Dalla vocalità siciliana emergono tratti più o meno arcaici che appartengono
alle funzioni narrative del canto e alla conservazione della memoria di storie,
leggende e racconti. Uno dei suoi aspetti più orginali e singolari è legato all’arte
vocale dei cuntastori, o pupari, che danno voce e movimento alle marionette
dell’Opera dei pupi. La loro capacità di evocare suoni ambientali, oltre che
di dare identità vocale ai diversi personaggi, i paladini del ciclo carolingio,
contribuisce al fascino della affabulazione epico-cavalleresca ricca di colpi di
scena e di esplosioni sonore. Se il cunto siciliano si svolge in punta di spada,
quella roteata dai paladini e dai loro nemici, la tradizione dei pueti-cantastorii
prevede che il cantore/narratore, ben visibile al pubblico, indichi con una
bacchetta le vignette di un cartellone che riassumono per immagini le vicende
storiche o di attualità raccontate attraverso il canto accompagnato dalla
chitarra. Mentre tale pratica è ancora viva e si rinnova, esiste una categoria
estinta di cantastorie siciliani chiamati orbi, ma detti anche sunaturi, che
erano riuniti in congregazioni e interpretavano canti religiosi in onore della
Vergine e dei santi. Alla loro condizione di cecità veniva attribuito un valore
quasi sacrale, e la associazione tra il buio e l’ignoto li rendeva mediatori di un
mondo non accessibile alla vista. Il ricco repertorio di nuvene e triunfi che si
è stratificato nel tempo, testimonia l’esuberanza della devozione popolare e
rappresenta il sentimento del sacro, con punte di barocca drammaticità.

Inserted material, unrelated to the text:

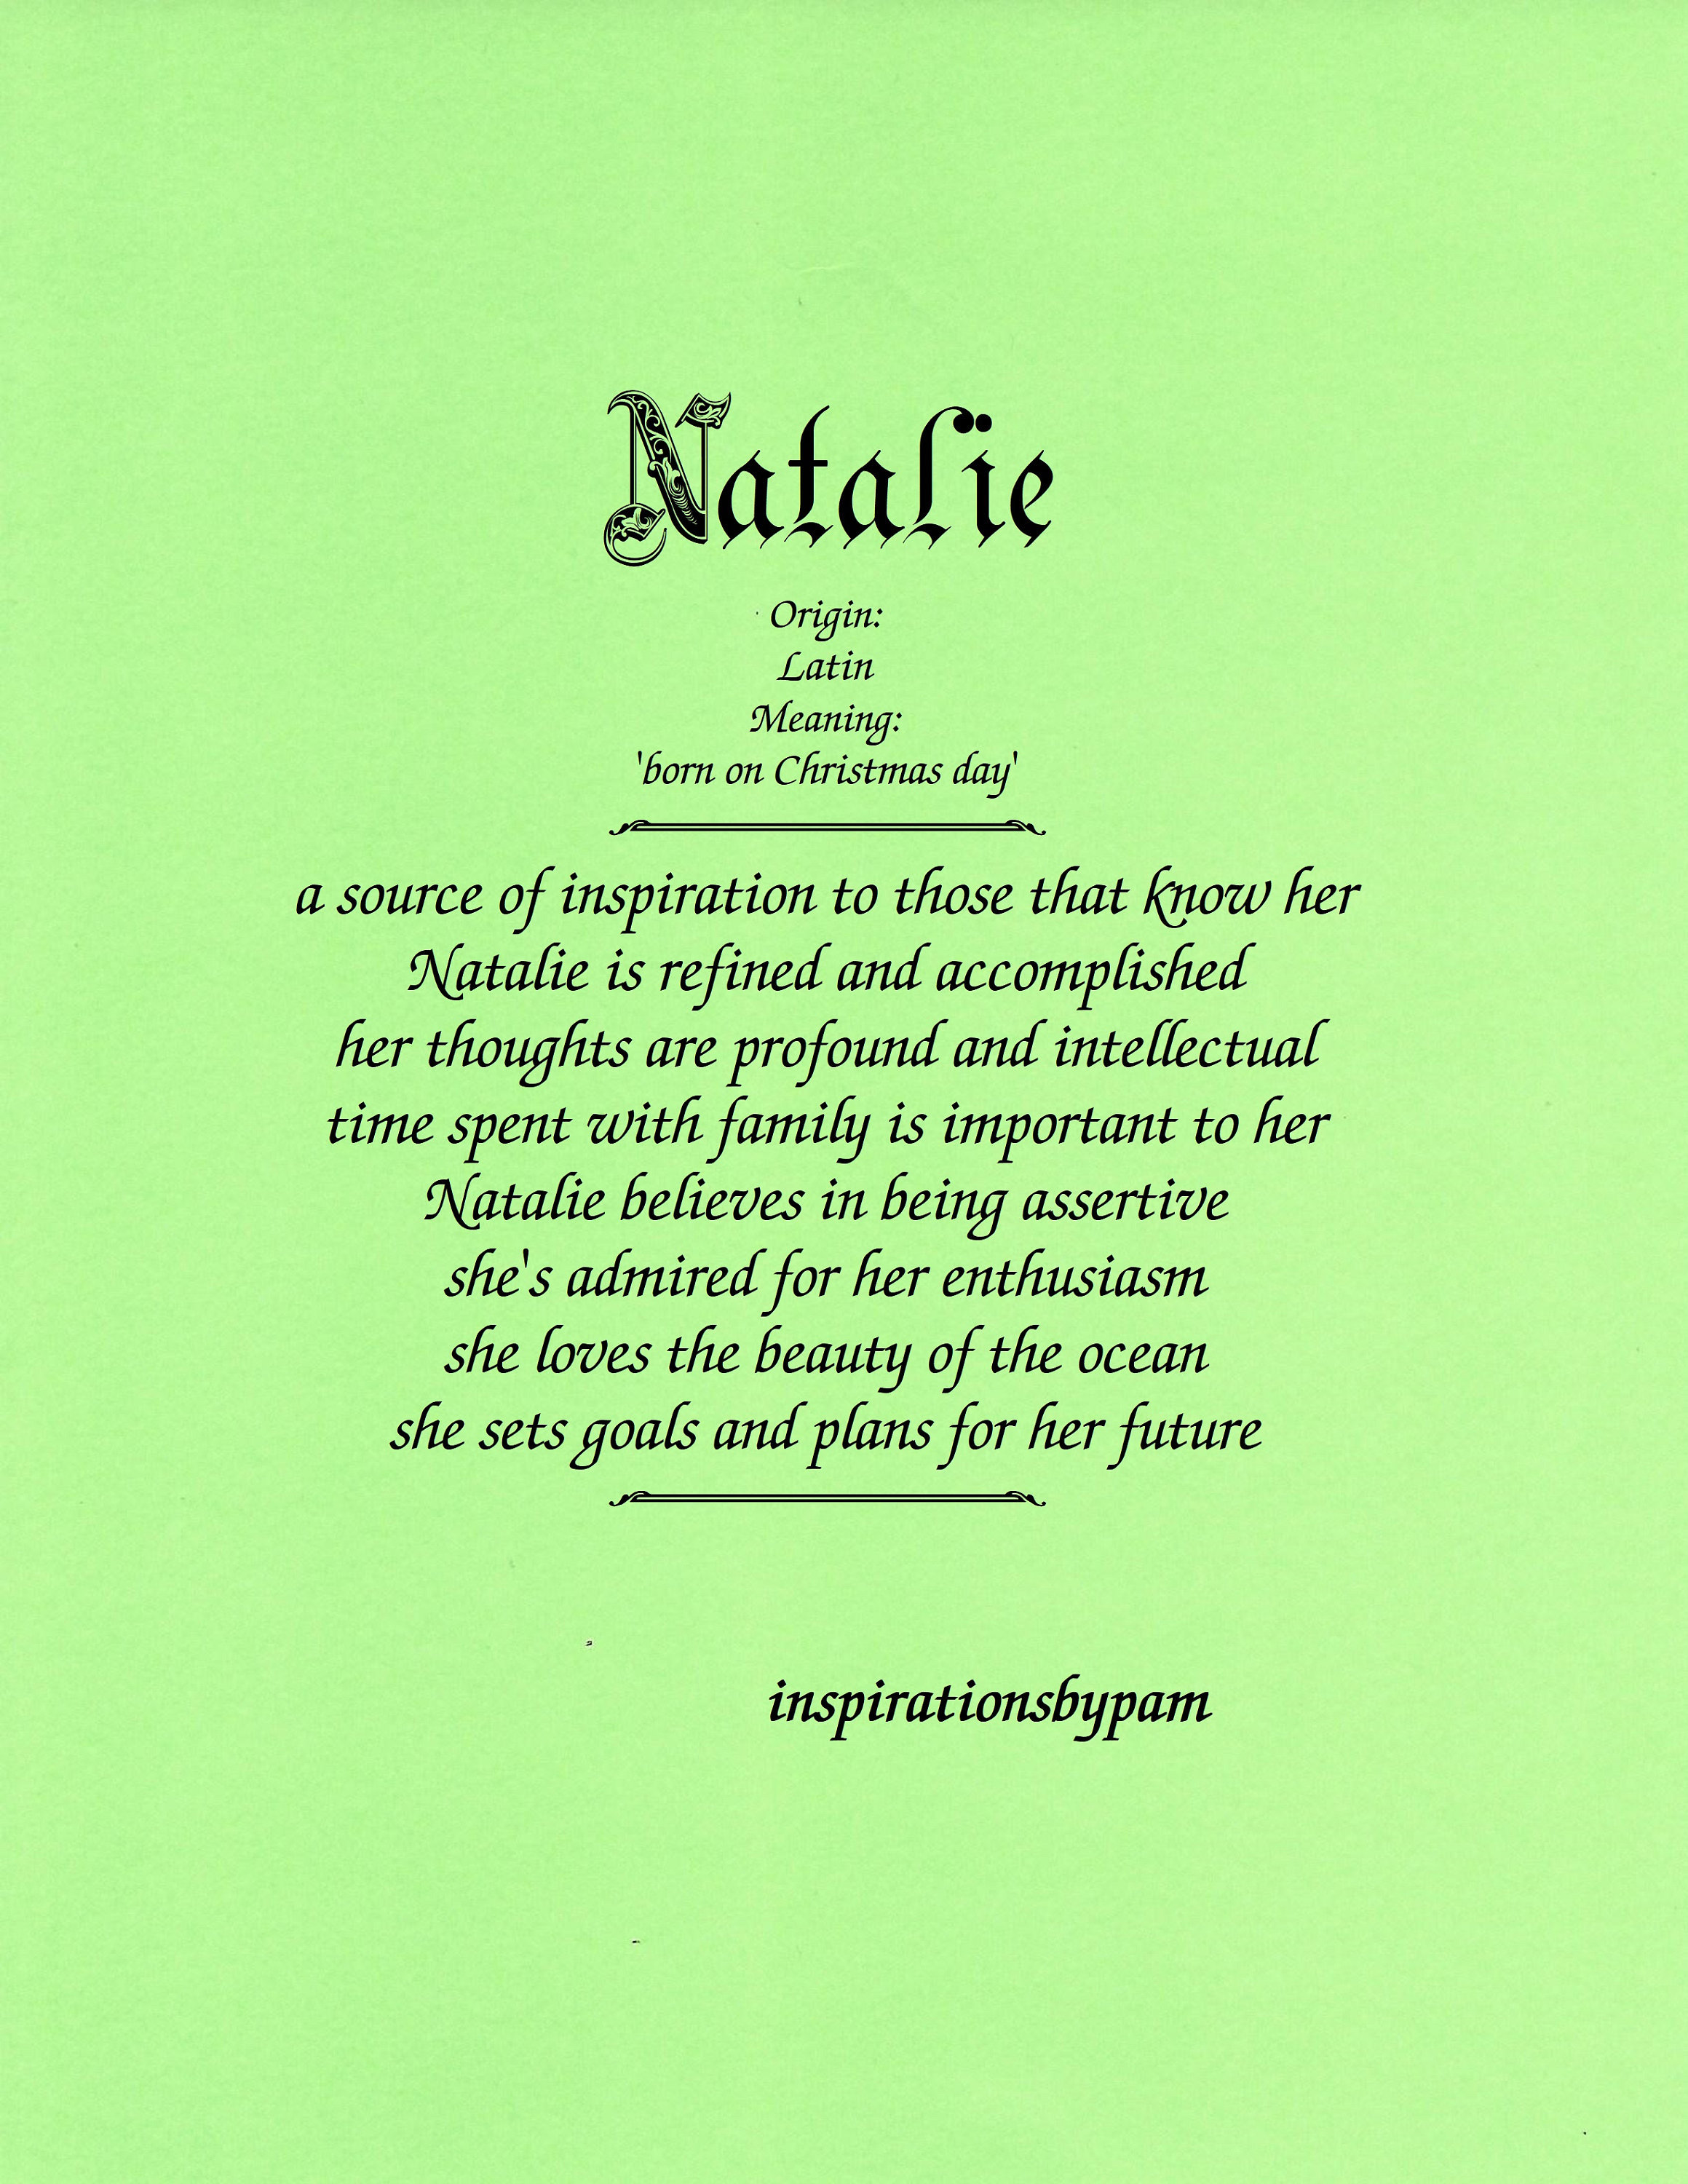 Natalie, một người mẫu trẻ đầy xu hướng và ấn tượng, luôn thu hút sự chú ý của người hâm mộ. Xem thêm hình ảnh của cô ấy để nắm bắt được phong cách thời trang đang hot nhất hiện nay.

La presenza di quelli che si possono definire ʻromanzieri della voce’ differenzia
il paesaggio sonoro siciliano da quello delle altre regioni italiane, ma tra le
diverse forme di canto il culmine del pathos è raggiunto nel repertorio dei
lamenti della Settimana Santa, intonati in forma processionale e legati alla
vita sociale di numerose confraternite. Le diverse forme di intonazione,
monodiche, responsoriali, e polivocali, con il loro andamento lento e solenne
rappresentano un rituale paraliturgico di particolare intensità nel quale
si utilizzano versi in italiano, siciliano e latino. A questa ultima categoria
appartengono gli inni, lo Stabat Mater, il Miserere e l’improperia Popule meus.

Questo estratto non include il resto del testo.